2.1 dc.getReplicaSetsForDeployment

dc.getReplicaSetsForDeployment主要作用:获取集群中与 Deployment 相关的 ReplicaSet,若发现匹配但没有关联 deployment 的 replicaset 则通过设置 ownerReferences 字段与 deployment 关联,已关联但不匹配的则删除对应的 ownerReferences。

主要逻辑如下:

(1)获取deployment对象命名空间下的所有replicaset对象;

(2)调用cm.ClaimReplicaSets对replicaset做进一步处理,并最终返回与deployment匹配关联的replicaset对象列表。

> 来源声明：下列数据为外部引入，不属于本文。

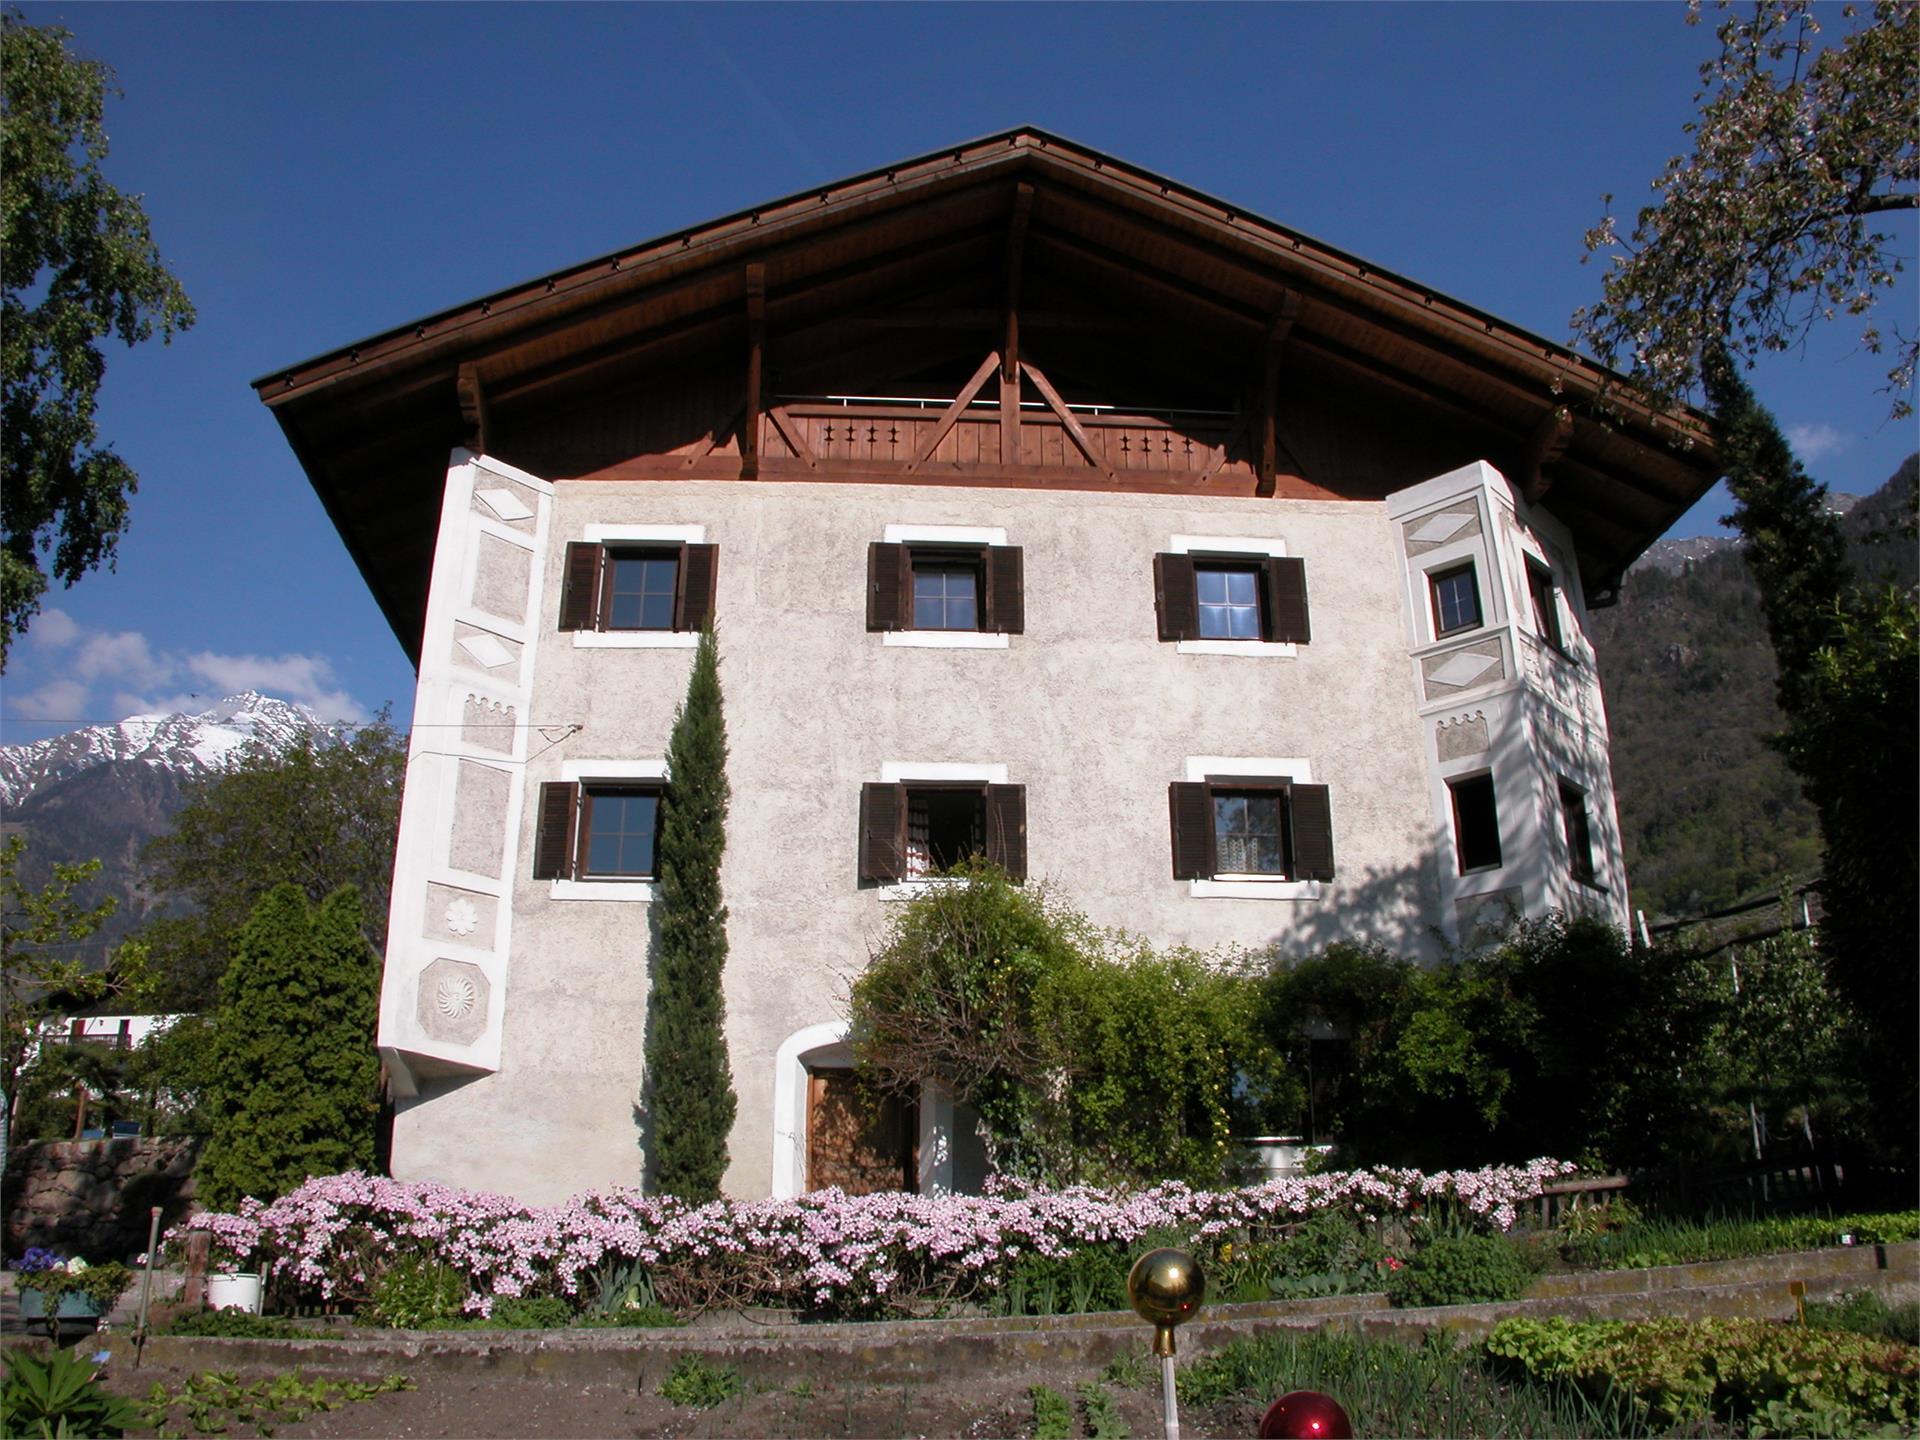 Rabeinerhof

  1. // pkg/controller/deployment/deployment_controller.go
  2. // getReplicaSetsForDeployment uses ControllerRefManager to reconcile
  3. // ControllerRef by adopting and orphaning.
  4. // It returns the list of ReplicaSets that this Deployment should manage.
  5. func (dc *DeploymentController) getReplicaSetsForDeployment(d *apps.Deployment) ([]*apps.ReplicaSet, error) {
  6. // List all ReplicaSets to find those we own but that no longer match our
  7. // selector. They will be orphaned by ClaimReplicaSets().
  8. rsList, err := dc.rsLister.ReplicaSets(d.Namespace).List(labels.Everything())
  9. if err != nil {
  10. return nil, err
  11. }
  12. deploymentSelector, err := metav1.LabelSelectorAsSelector(d.Spec.Selector)
  13. if err != nil {
  14. return nil, fmt.Errorf("deployment %s/%s has invalid label selector: %v", d.Namespace, d.Name, err)
  15. }
  16. // If any adoptions are attempted, we should first recheck for deletion with
  17. // an uncached quorum read sometime after listing ReplicaSets (see #42639).
  18. canAdoptFunc := controller.RecheckDeletionTimestamp(func() (metav1.Object, error) {
  19. fresh, err := dc.client.AppsV1().Deployments(d.Namespace).Get(d.Name, metav1.GetOptions{})
  20. if err != nil {
  21. return nil, err
  22. }
  23. if fresh.UID != d.UID {
  24. return nil, fmt.Errorf("original Deployment %v/%v is gone: got uid %v, wanted %v", d.Namespace, d.Name, fresh.UID, d.UID)
  25. }
  26. return fresh, nil
  27. })
  28. cm := controller.NewReplicaSetControllerRefManager(dc.rsControl, d, deploymentSelector, controllerKind, canAdoptFunc)
  29. return cm.ClaimReplicaSets(rsList)
  30. }

2.1.1 cm.ClaimReplicaSets

遍历与deployment对象相同命名空间下的所有replicaset对象,调用m.ClaimObject做处理,m.ClaimObject的作用主要是将匹配但没有关联 deployment 的 replicaset 则通过设置 ownerReferences 字段与 deployment 关联,已关联但不匹配的则删除对应的 ownerReferences。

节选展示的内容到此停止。